▶ **WHAT YOU NEED TO DO**:
Word for word, repeat the data that follows. Do not include the pictures.

▶ **INFORMATION PROVIDED**:
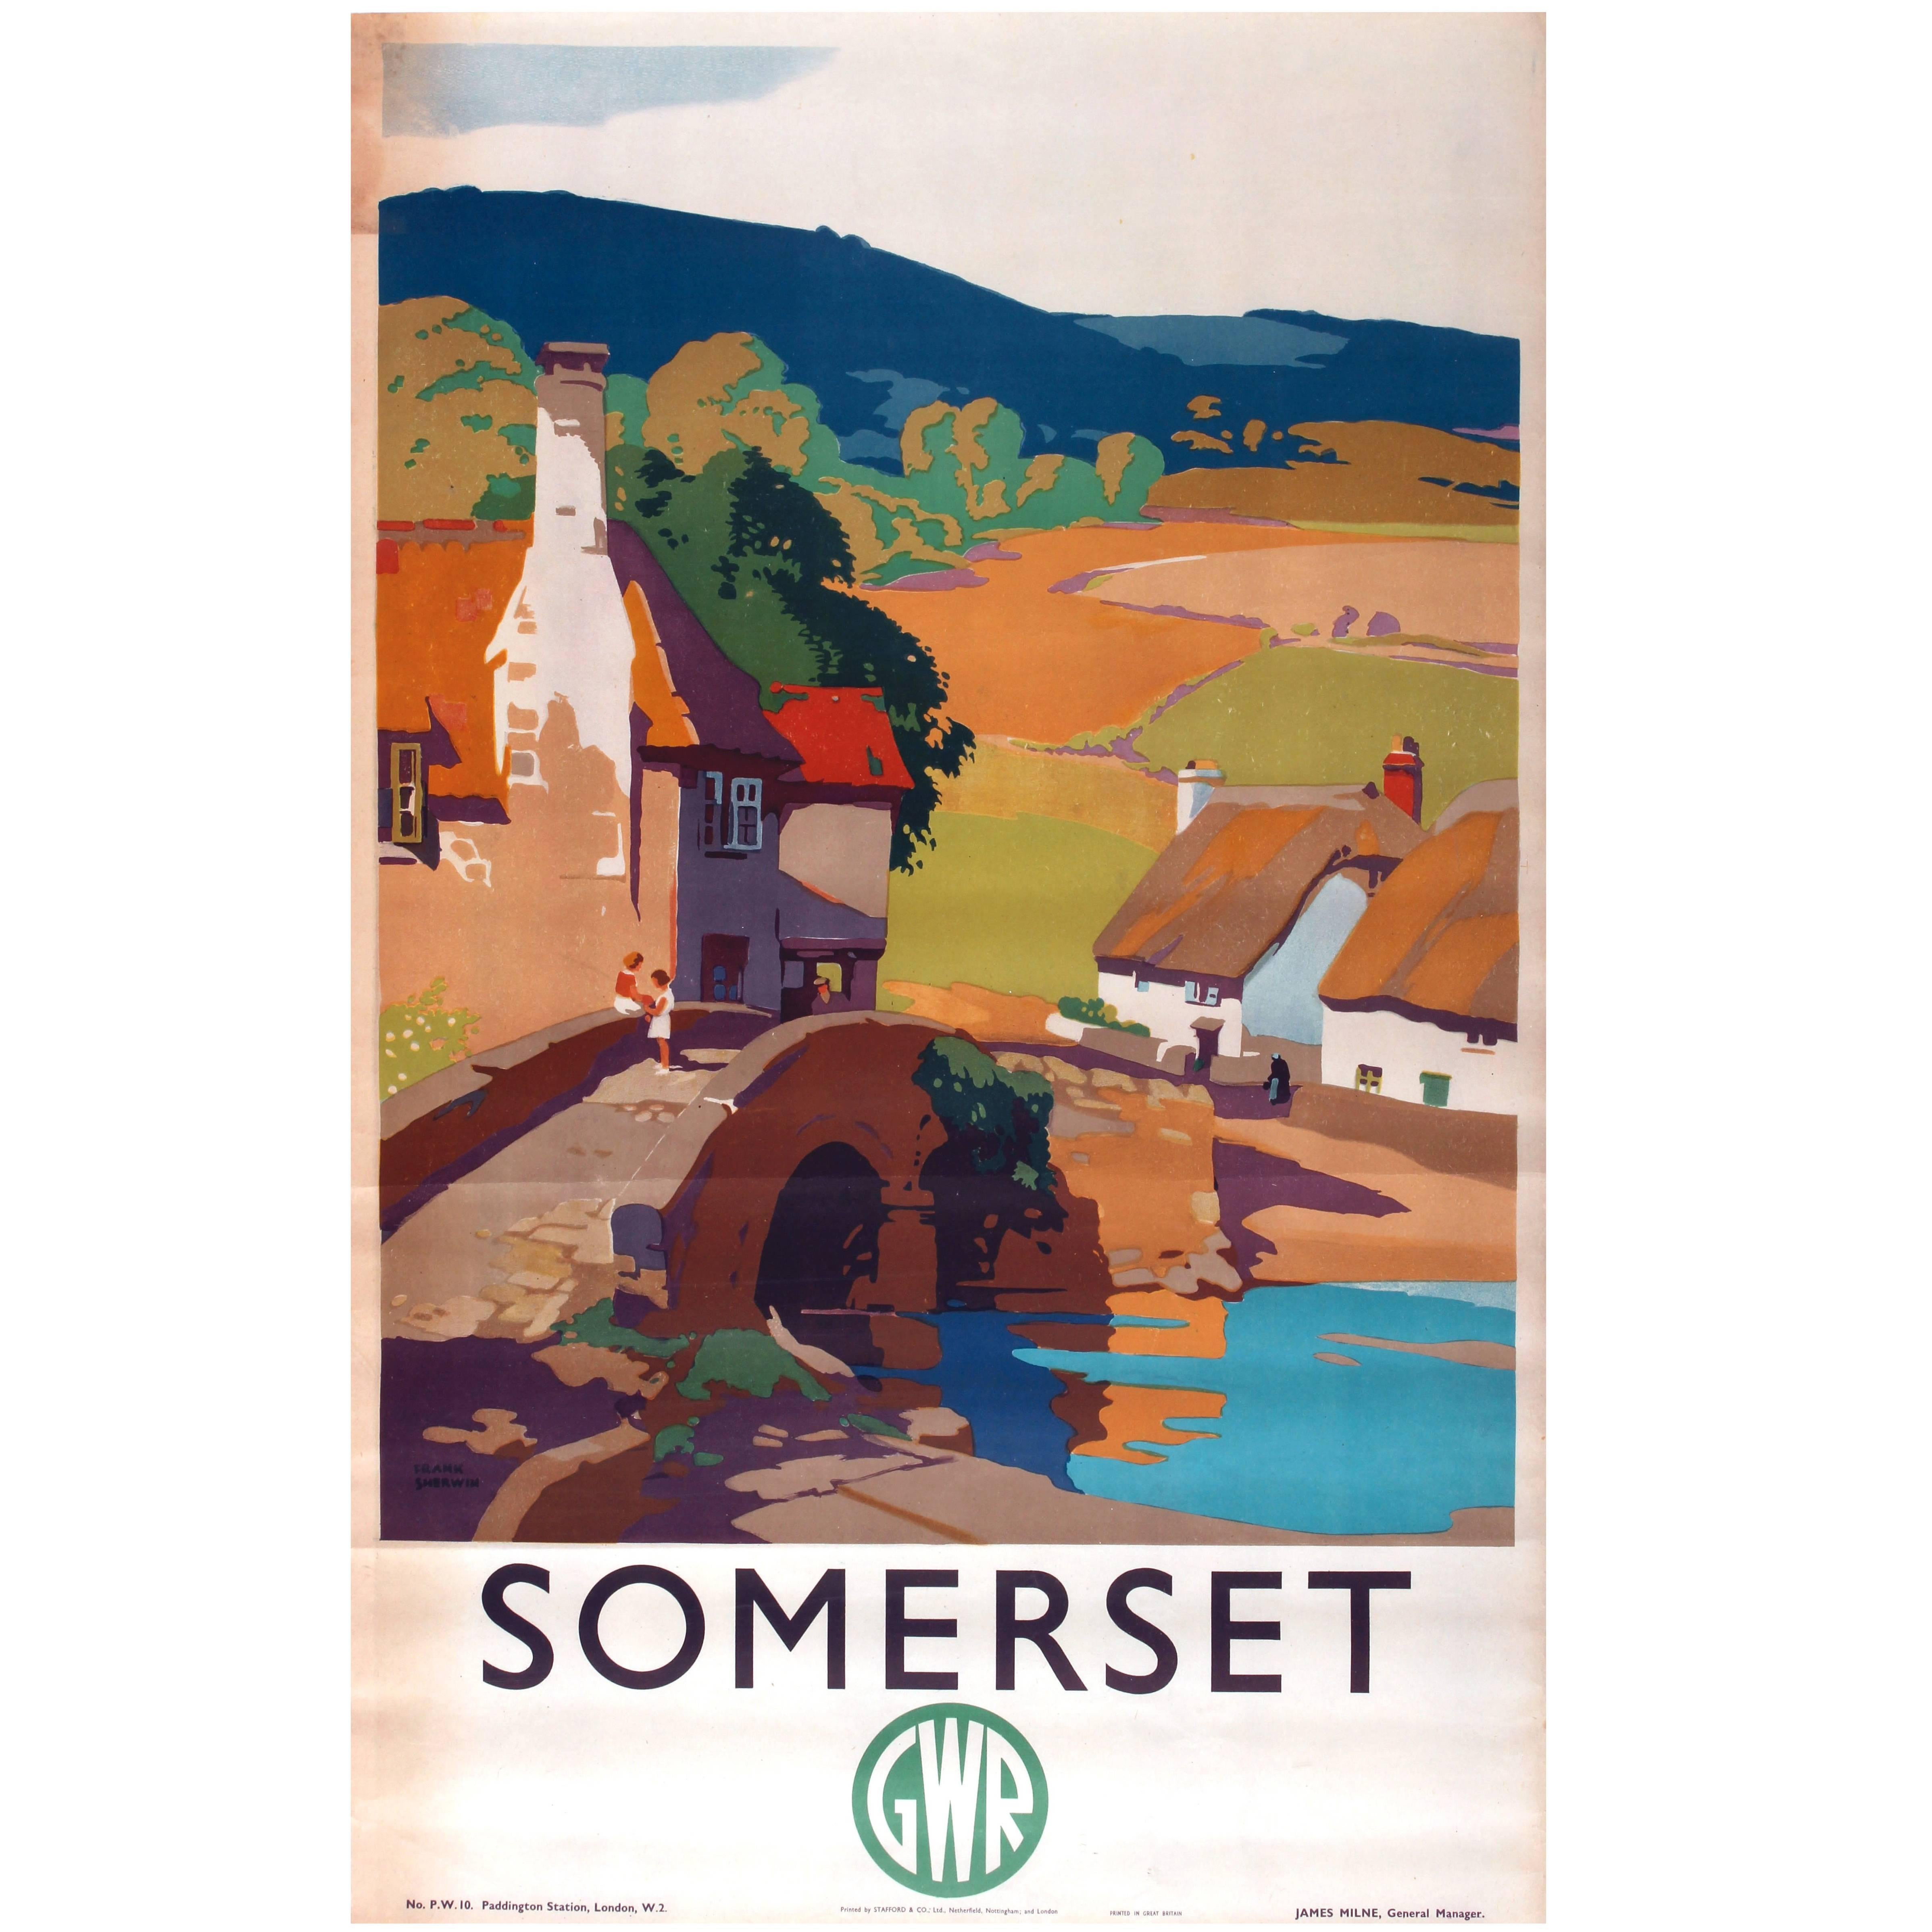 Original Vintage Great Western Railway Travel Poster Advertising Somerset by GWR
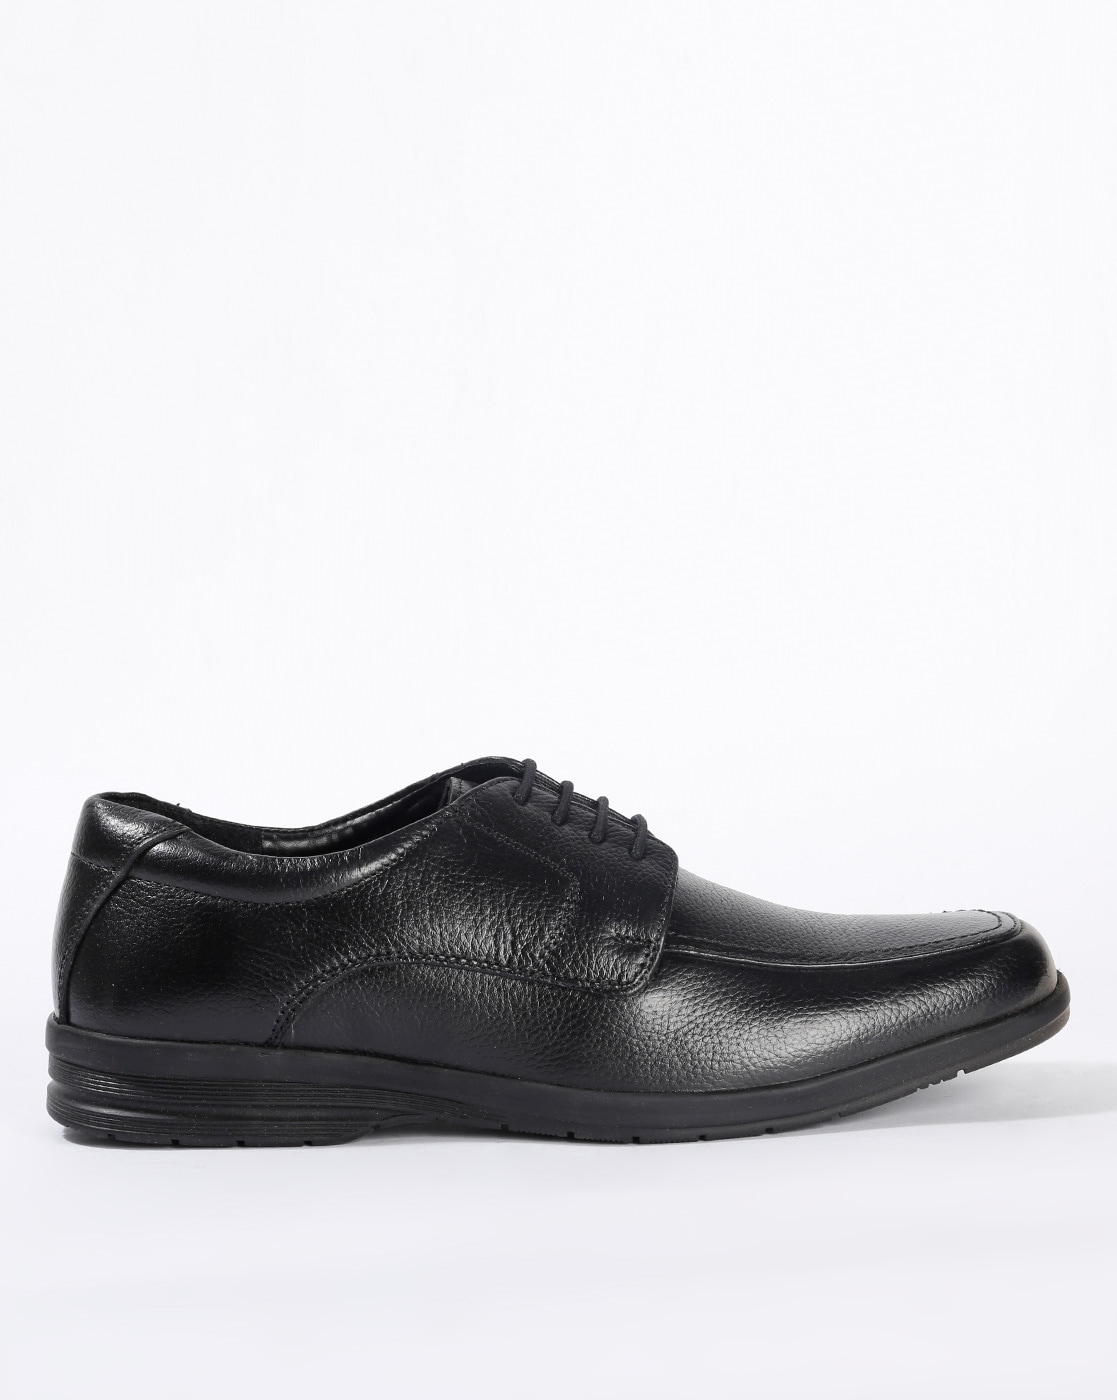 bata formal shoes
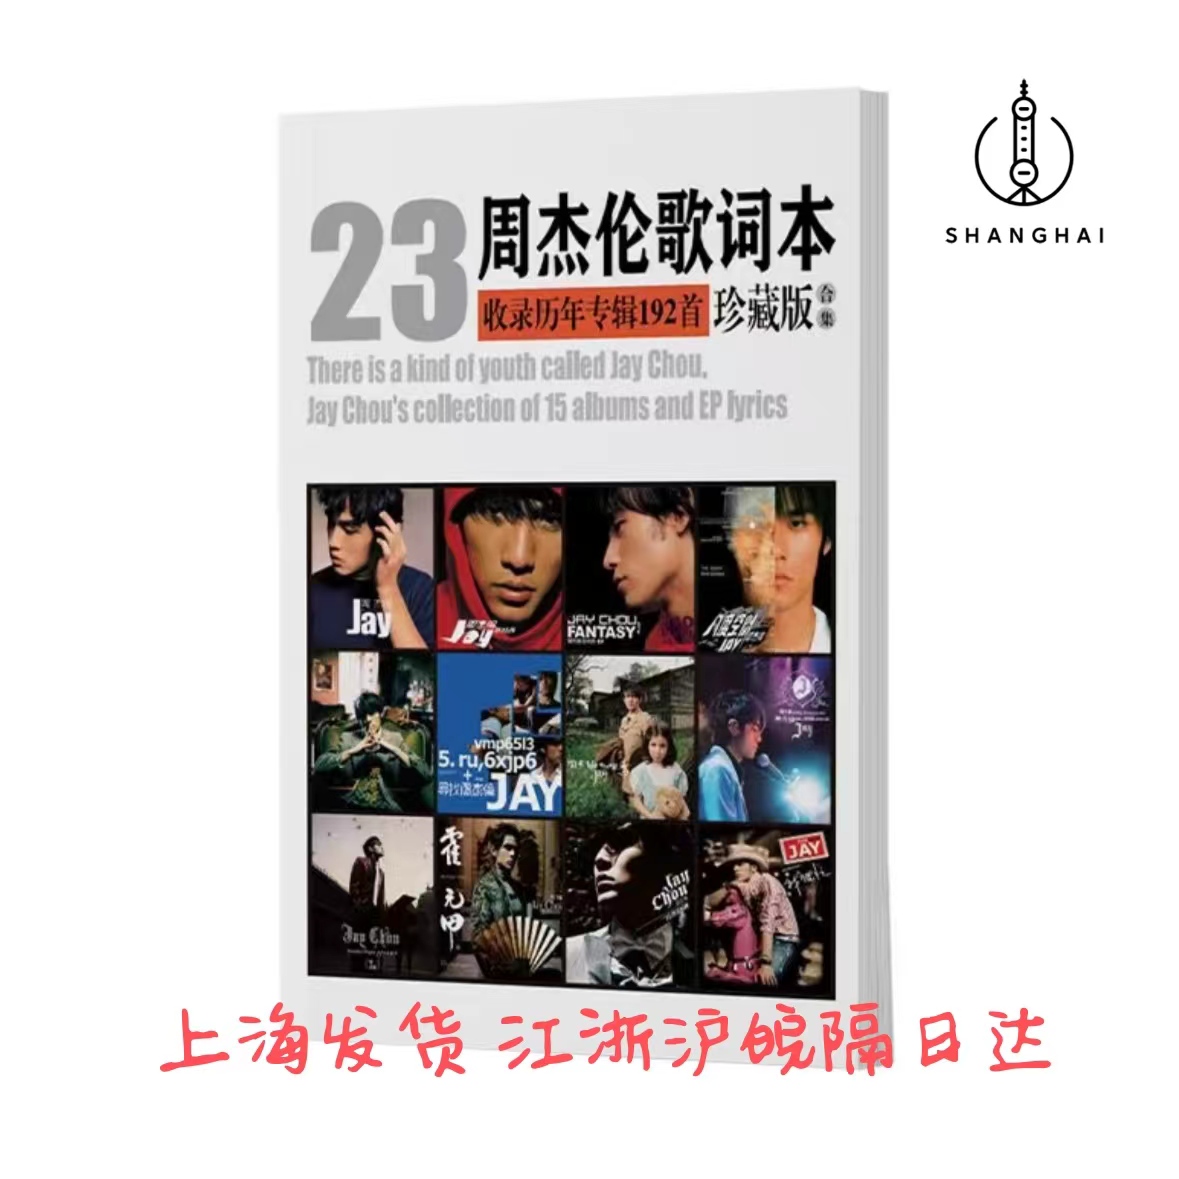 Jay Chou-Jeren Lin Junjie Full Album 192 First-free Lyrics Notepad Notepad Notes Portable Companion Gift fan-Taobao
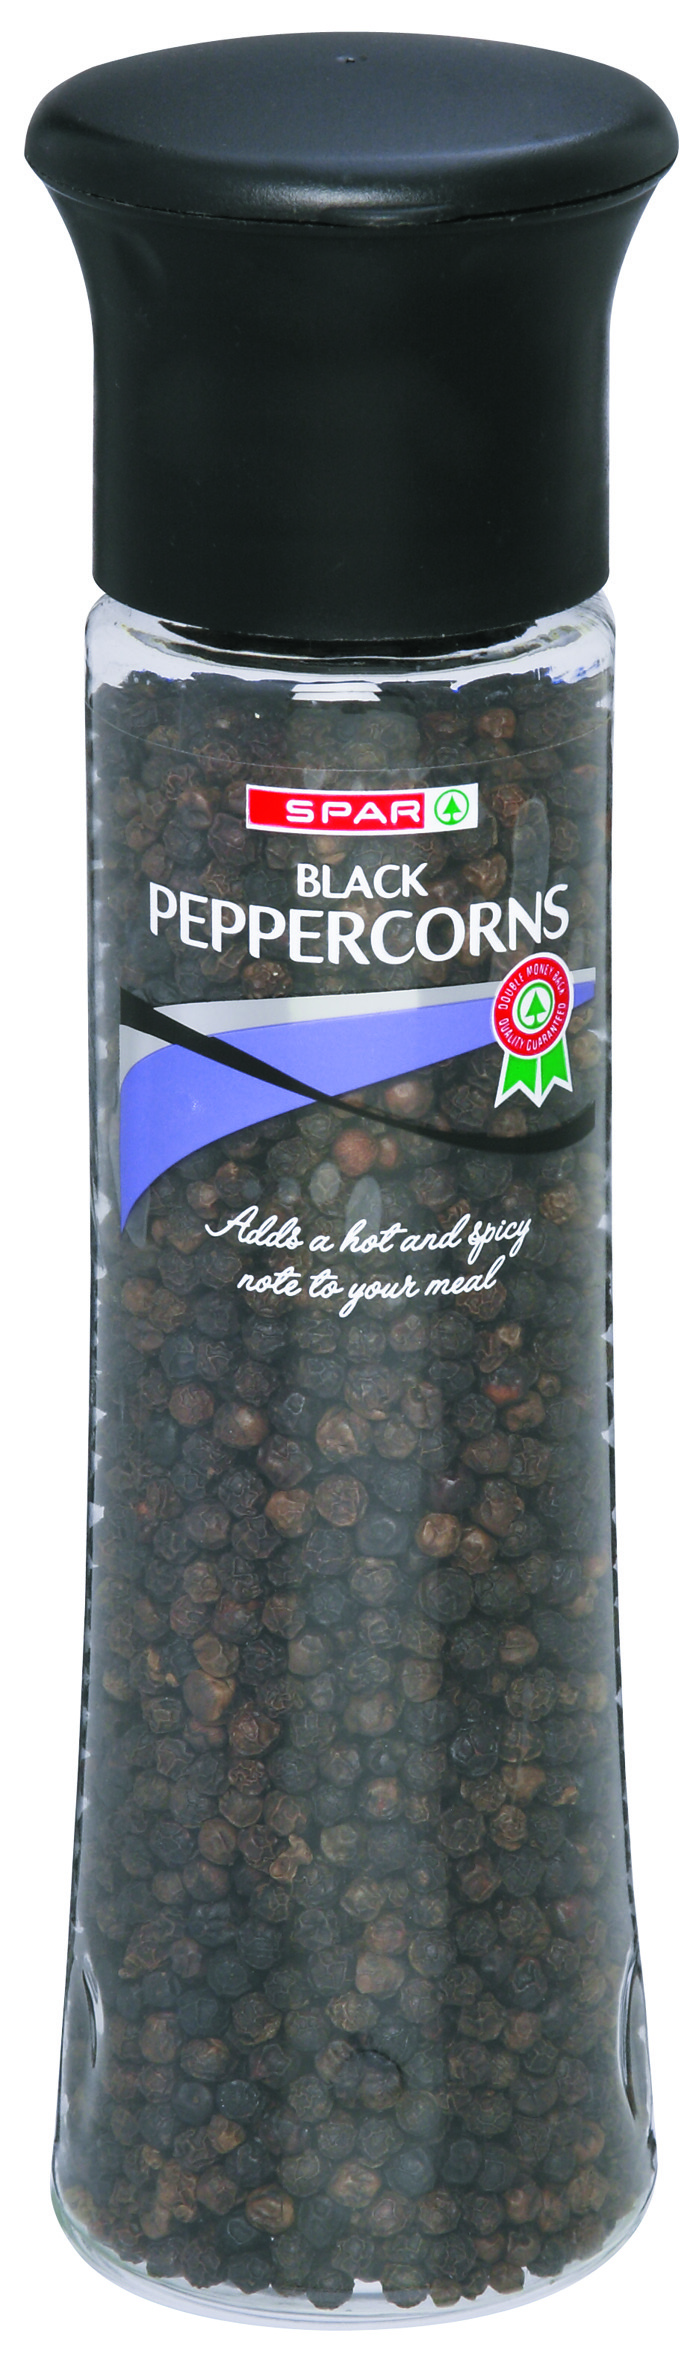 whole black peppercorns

▶ **TASK OUTPUT**:
 Original Vintage Great Western Railway Travel Poster Advertising Somerset by GWR
 bata formal shoes
 Jay Chou-Jeren Lin Junjie Full Album 192 First-free Lyrics Notepad Notepad Notes Portable Companion Gift fan-Taobao
 whole black peppercorns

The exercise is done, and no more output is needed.